The code below is used to create a bar chart that depicts feature importance.
# Find the most important features that determine churn.
# Use the .feature_importances_ command to find the importance values of each feature.
fitted.feature_importances_
#Create an importance dataframe that displays the features and importance level.
feature_importance = pd.DataFrame({'Feature': X_train.columns,
'Importance': fitted.feature_importances_})
feature_importance.sort_values(by = 'Importance',
ascending = False,
inplace = True)
# Use the fig, ax = plt.subplots() command to create a set of subplots within one cell.
fig, ax = plt.subplots(1, 1, figsize=(15, 15))
# Use the sns.barplot() command to create a bar plot.
sns.barplot(data = feature_importance,
x = 'Importance',
y = 'Feature')
ax.bar_label(ax.containers[0])
plt.show()
Based on the char above:
- The greatest driver for churn is the net margin on power subscription (0.064), followed by electricity consumption of the past 12 months (0.06), and total net margin (0.058).
- Time is also an influential factor, such as the number of months a customer has been active (0.037), their tenure (0.016), and the number of months since they renewed their contract (0.02).
- Features that are influential to churn tend to fall under power consumption and time.
- Price senitivity features (variance in prices, max difference in price) are scattered. Some price sensitivity features have a higher influence on churn, such as the price variance between off peak and peak time. Most sensitiviy features, however, have very low influence on churn.

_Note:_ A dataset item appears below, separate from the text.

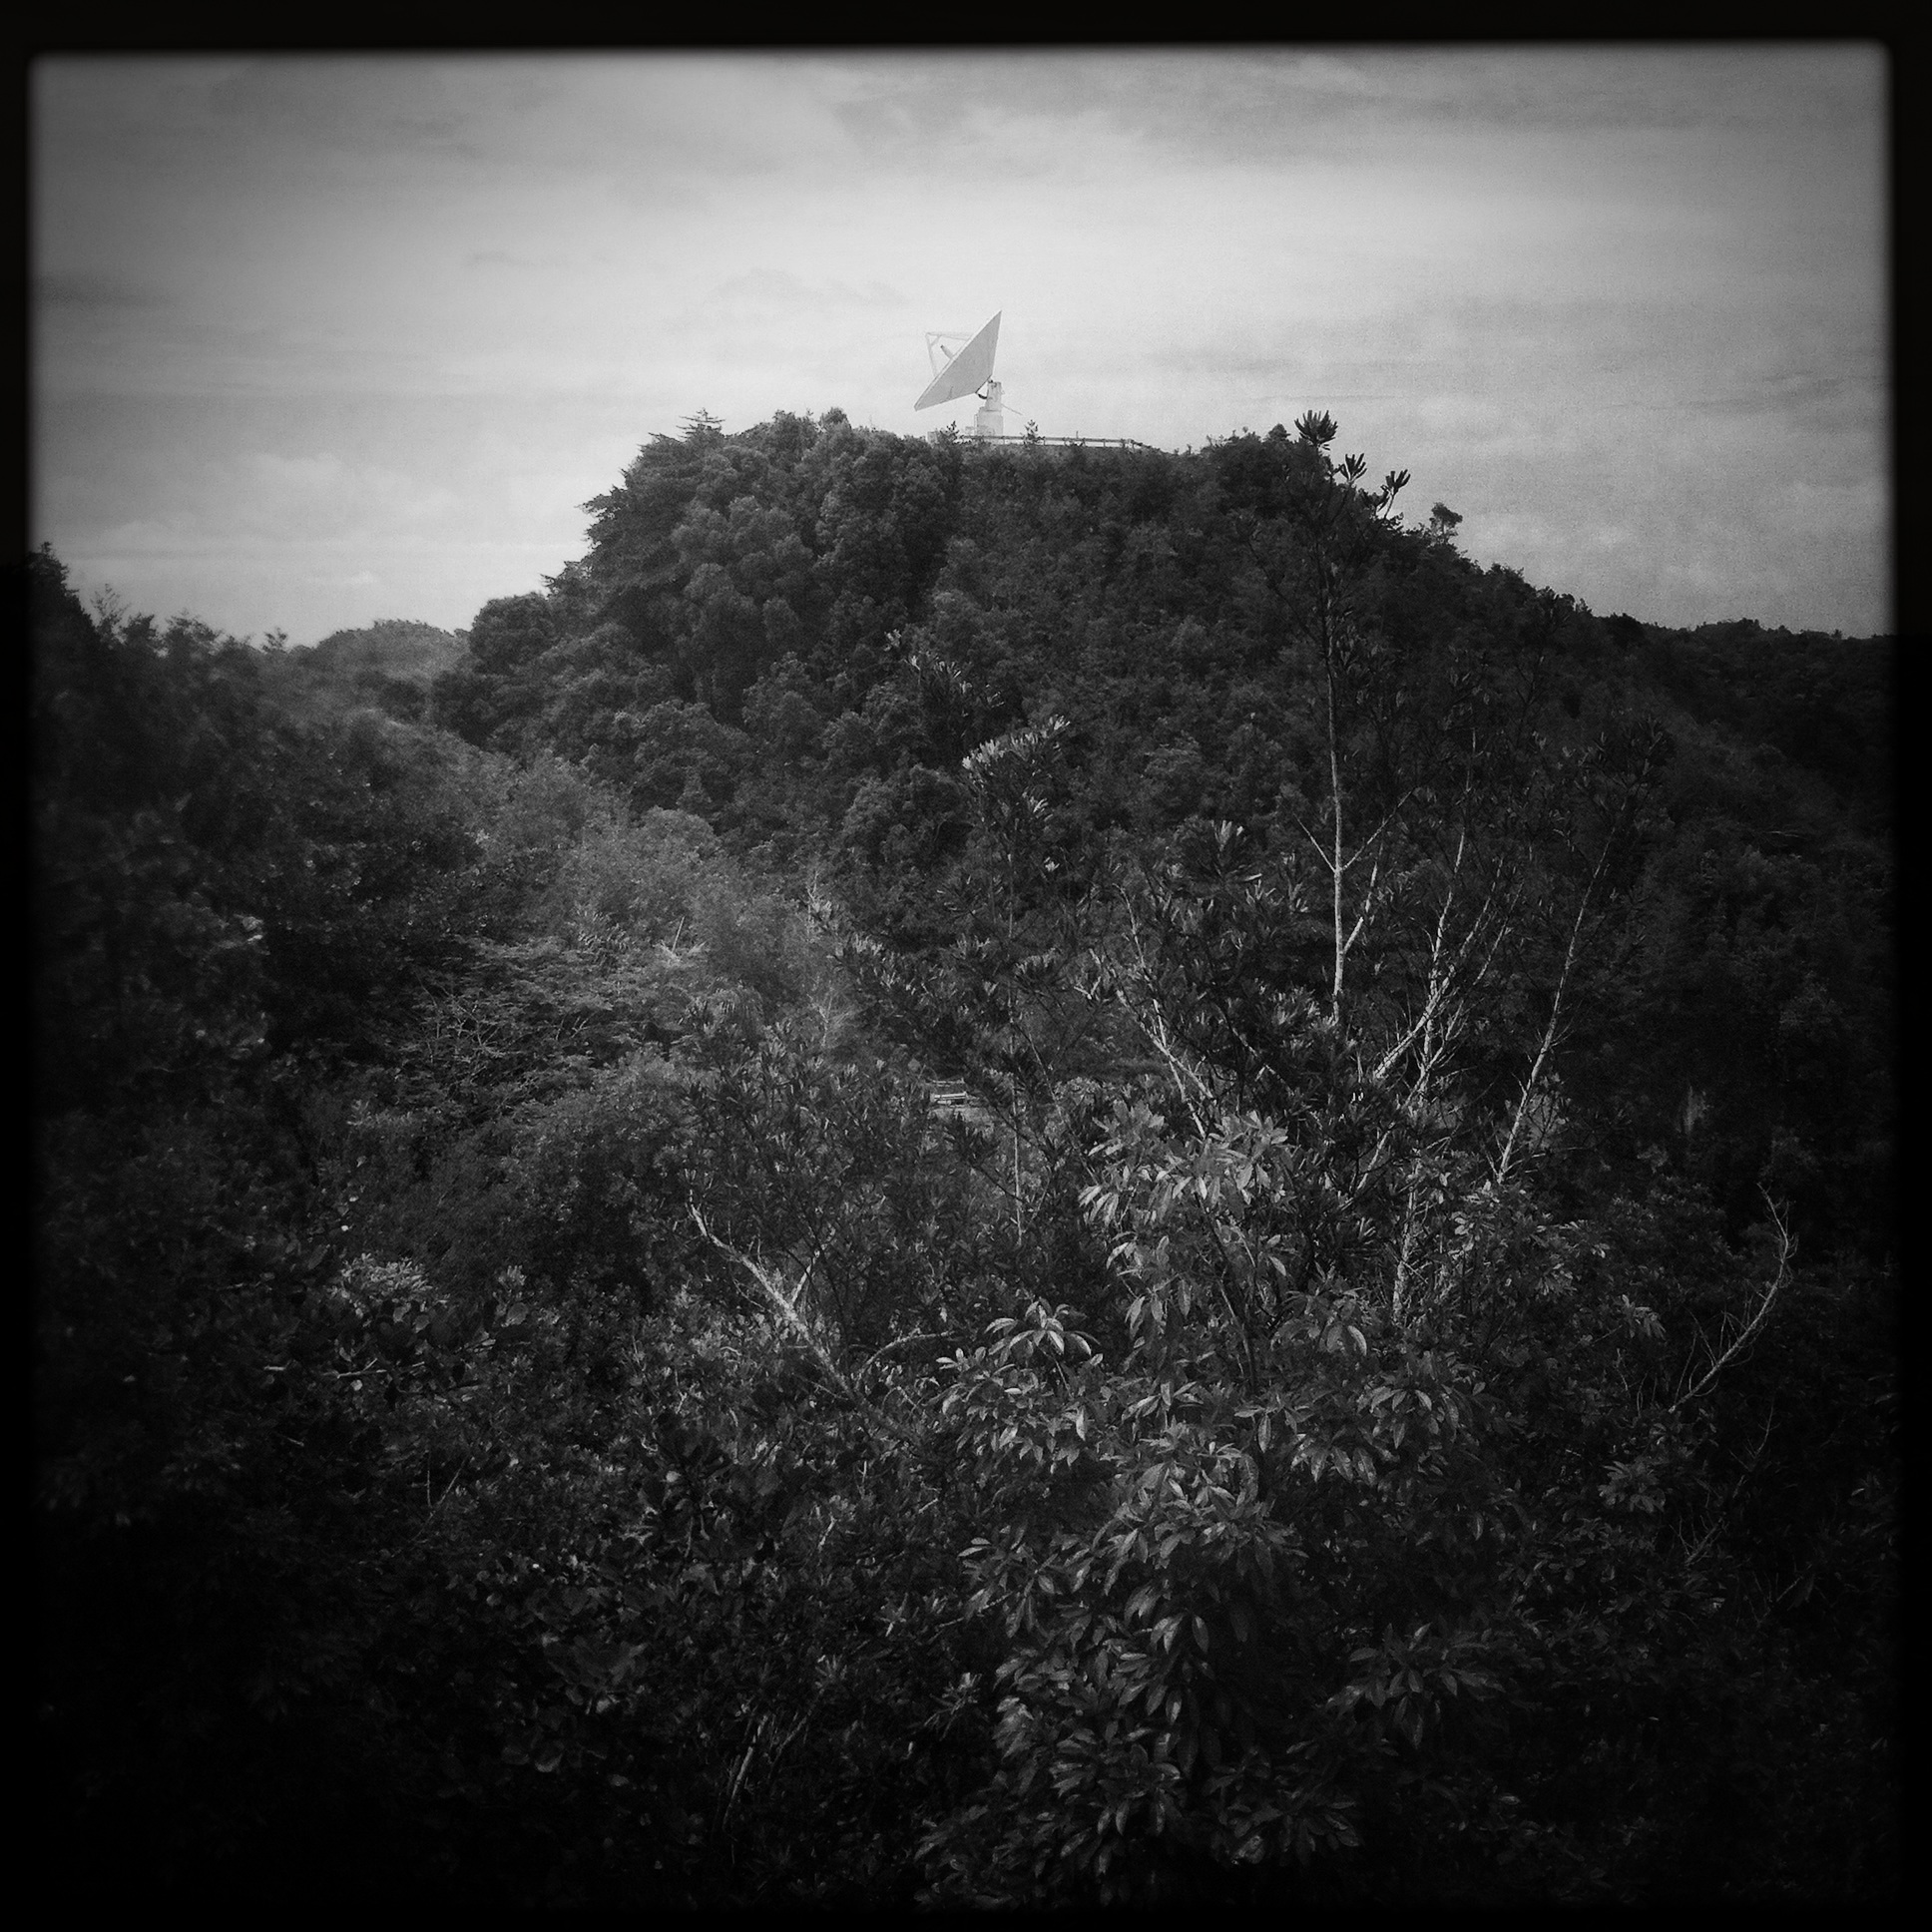 © Matt Hill  A little bonus shot of another radio telescope from Arecibo.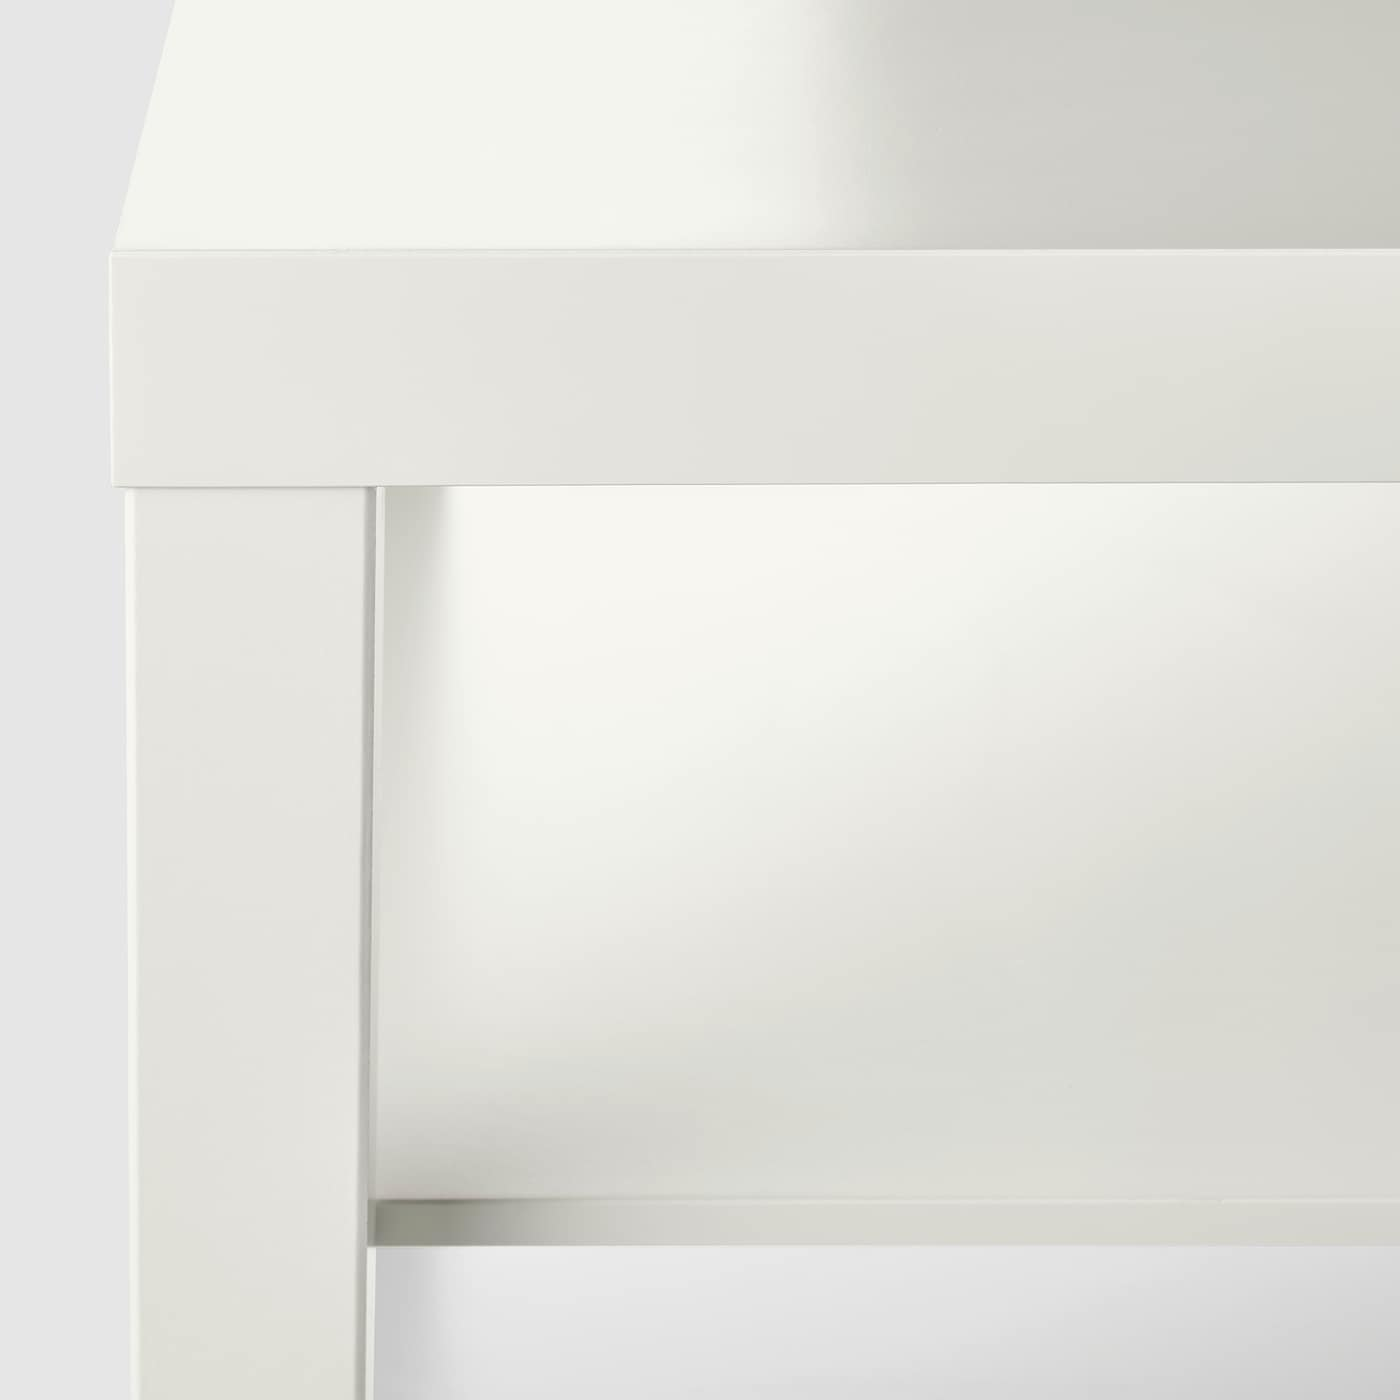 Lack Konferencni Stolek Bila 118x78 Cm Ikea [ 1400 x 1400 Pixel ]

- This would suggest that our original hypothesis, that price senitivity is the main contributor for churn, is incorrect.
The goal of the project is to analyze PowerCo's client and price data and determine potential causes for customer churn. One hypothesis for customer churn is price sensitiviy. We have conducted exploratory data analysis on the data, used feature engineering to alter and create new features in the data, and created a Random Forest model to predict which customers will churn and determine which features have the most influence on customer churn.
We have found that:
- Our model has high accuracy and precision, but low recall. This means that when the model makes a prediction, there is a high probability that the model is correct. However, it has difficulty identifying customers who will churn.
- Features with the most influence on customer churn are related to power consumption and time. This includes features such as net margin on power subscription, electricity consumption of the past 12 months, total net margin, number of months a customer has been active, tenure, and the number of months since they renewed their contract.
- Price sensitivity is not a leading cause of churn. Price sensitiviy features are scattered with many have very low influence on churn.
Recommdenations:
- Since feature importance is based on our Random Forest model, we should rework the model to improve the recall score. This may include working more on feature analysis or adjusting the parameters of the model.
- Focus on retaining newer customers or customers with tenure less than 8 years.
- Add benefits or saving for customers with higher power consumption. For example, customers with a certain level of electricity consumption will have a discounted price for electricty for the next 6 months.